AVS 49th International Symposium
    Electronic Materials and Devices Monday Sessions
       Session EL+SC+MI-MoM

Paper EL+SC+MI-MoM9
N-type Diamond Electronics With Nitrogen Doped Ultrananocrystalline Diamond

Monday, November 4, 2002, 11:00 am, Room C-107

Session: Semiconductors
Presenter: J.E. Gerbi, Argonne National Laboratory
Authors: J.E. Gerbi, Argonne National Laboratory
B.W. Alphenaar, University of Louisville
O. Auciello, Argonne National Laboratory
J. Birrell, University of Illinois at Urbana-Champaign
J.A. Carlisle, Argonne National Laboratory
D.M. Gruen, Argonne National Laboratory
Correspondent: Click to Email

Thin diamond films have extremely attractive properties for electronic device applications: high thermal conductivity, carrier mobility, and breakdown fields. However, efforts to create diamond based electronic devices have been hampered by the difficulty in incorporating dopants.
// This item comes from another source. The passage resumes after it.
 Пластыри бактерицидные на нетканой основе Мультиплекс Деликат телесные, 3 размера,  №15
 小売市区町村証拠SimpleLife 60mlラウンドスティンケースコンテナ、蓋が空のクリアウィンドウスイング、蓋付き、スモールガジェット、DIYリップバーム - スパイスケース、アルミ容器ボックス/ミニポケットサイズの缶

Attempts to dope diamond films have resulted in low p-type carrier concentrations or unstable p-type surface layers. N-type doping has been even less successful, and it has not yet been possible to synthesize n-type diamond films with sufficiently high room-temperature conductivities. Ultra-nanocrystalline diamond (UNCD) is a fine-grained (3-5nm), phase-pure diamond material with atomically abrupt grain boundaries. Synthesized by microwave CVD using Ar-rich Ar/CH@sub 4@ plasmas, both the structure and electronic properties of UNCD can be tailored by doping with a controlled amount of N@sub 2@ in the plasma. As the N@sub 2@ content in the plasma increases to 20% , the grain size and grain boundary width of the UNCD films increase. This microstructural change correlates with a striking increase in room-temperature conductivity . Most importantly, nitrogen doped UNCD films are n-type with activation energies as low as 0.05 eV. This is striking, as traditional nitrogen substitutional doping of diamond produces a very deep state of 1.7eV, rendering the material useless for room-temperature applications. We use this material to demonstrate the first n-type diamond MESFET that can be operated at room temperature. We have characterized the films using Raman spectroscopy, NEXAFS, SIMS, Hall mobility measurements, and HRTEM, and measure device properties such as I-V curves and transconductance. The ohmic vs. Schottky behavior of various contacts to nitrogen doped UNCD as a function of growth chemistry has also been studied. A discussion of the microstructure-property relationship of nitrogen-doped UNCD films will be presented in the context of the UNCD-based MESFET performance.